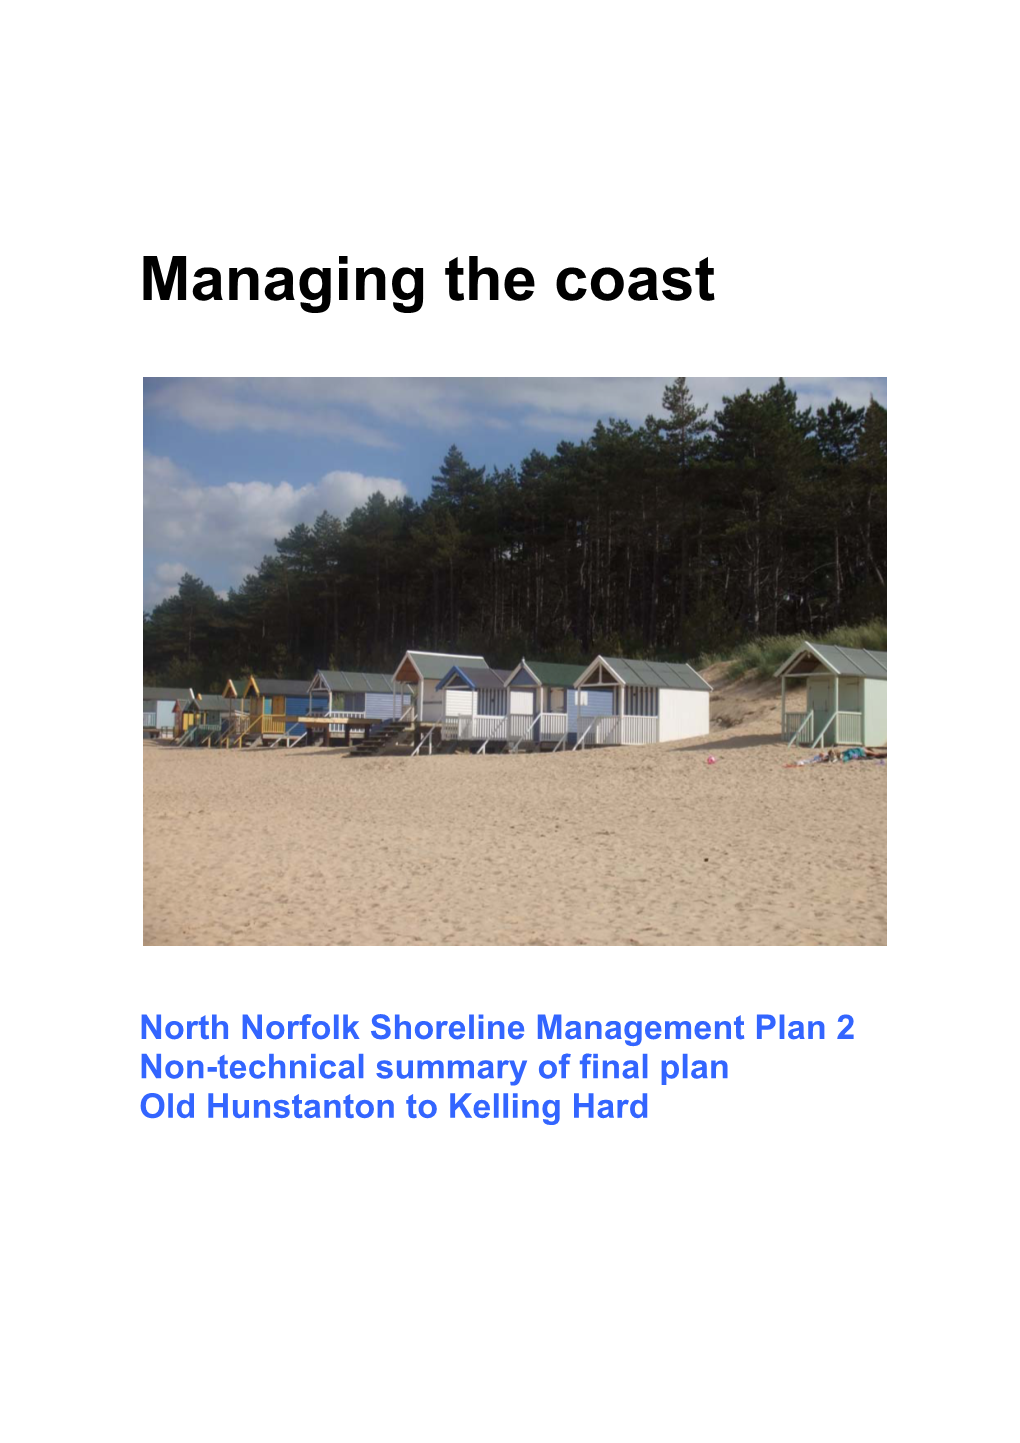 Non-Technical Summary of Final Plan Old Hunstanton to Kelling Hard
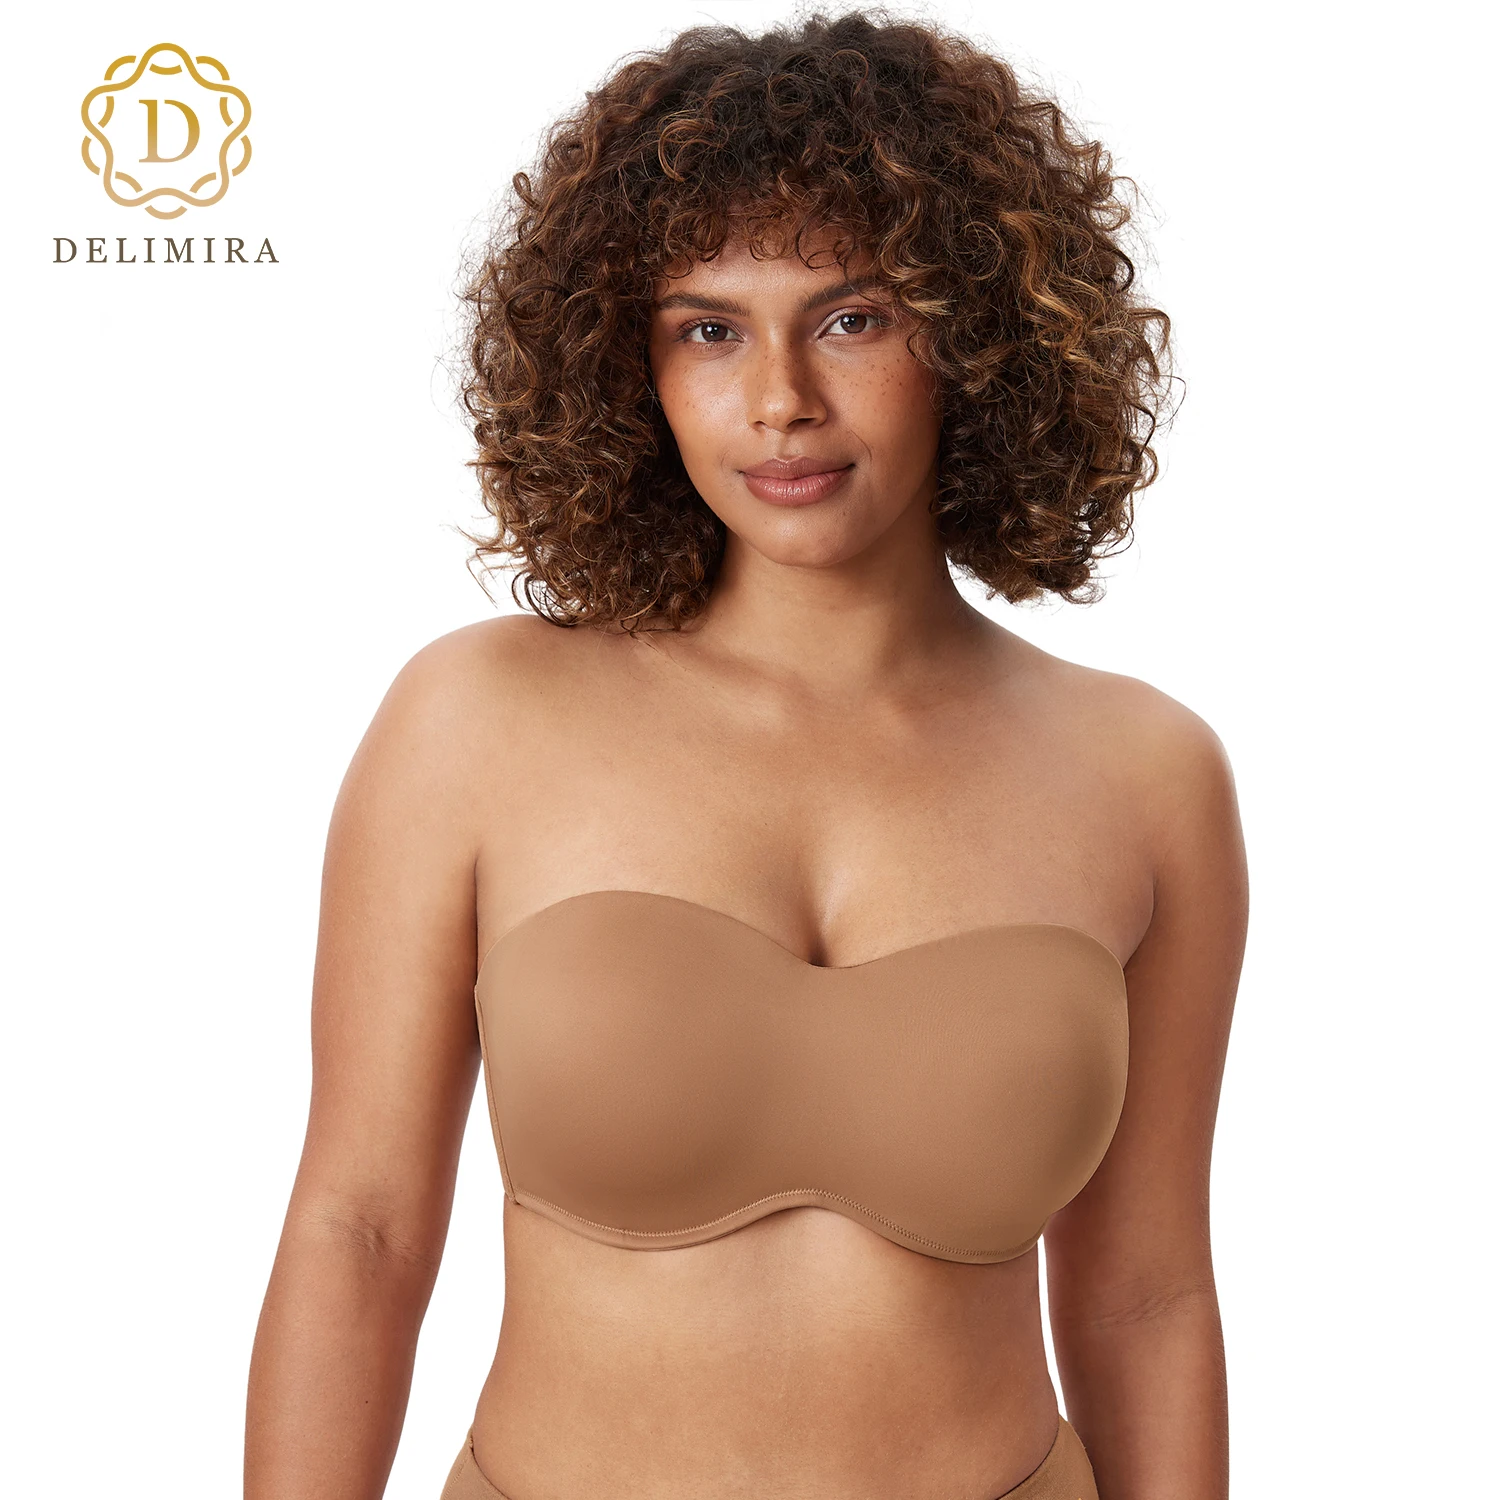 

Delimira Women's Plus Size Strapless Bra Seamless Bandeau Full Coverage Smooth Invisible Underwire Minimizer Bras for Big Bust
■ ■ ■ ■ ■ ■ ■
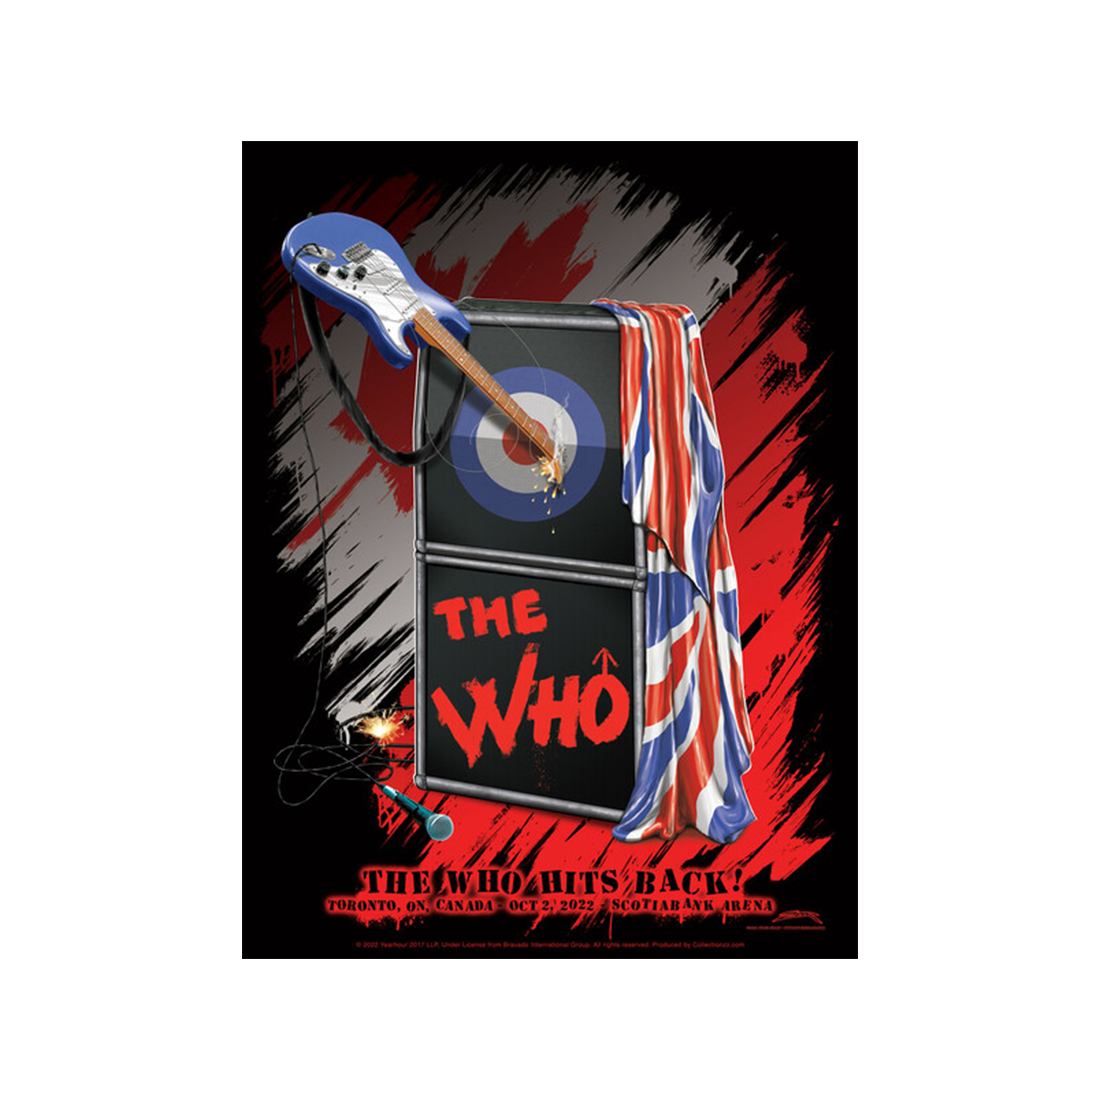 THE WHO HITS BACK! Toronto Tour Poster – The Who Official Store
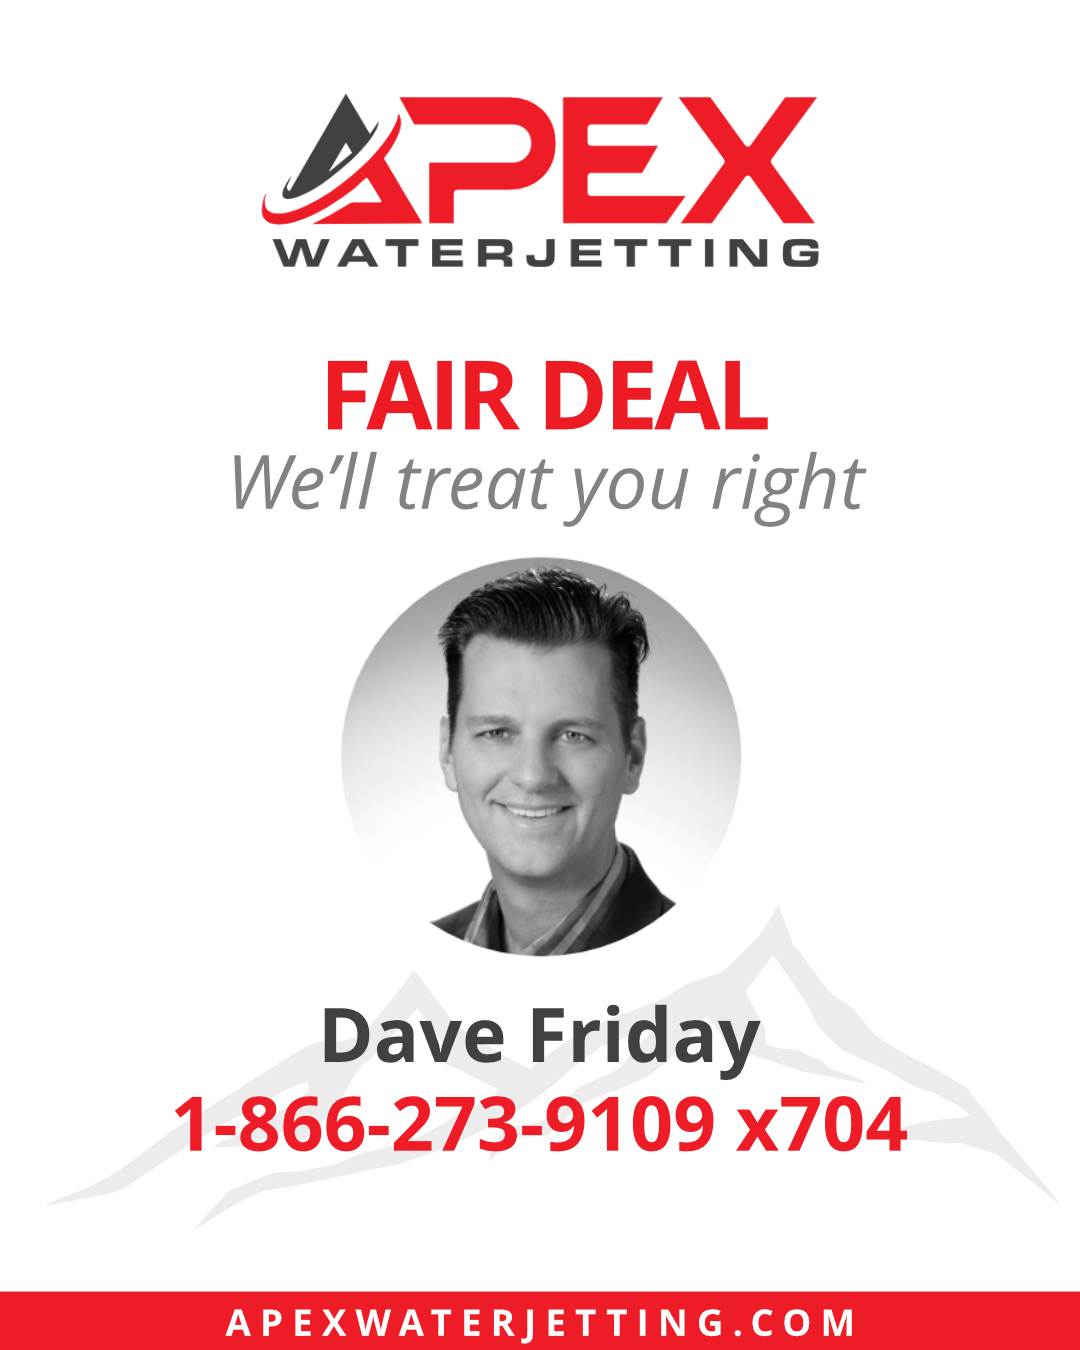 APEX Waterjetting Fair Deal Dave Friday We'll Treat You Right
■ ■ ■ ■ ■ ■ ■
Problem statement: Working from the records above, set down word for word everything from the line containing "THE WHO HITS" down to the line containing "APEX Waterjetting Fair", ends included, minus the pictures.

Result below:
 THE WHO HITS BACK! Toronto Tour Poster – The Who Official Store
 APEX Waterjetting Fair Deal Dave Friday We'll Treat You Right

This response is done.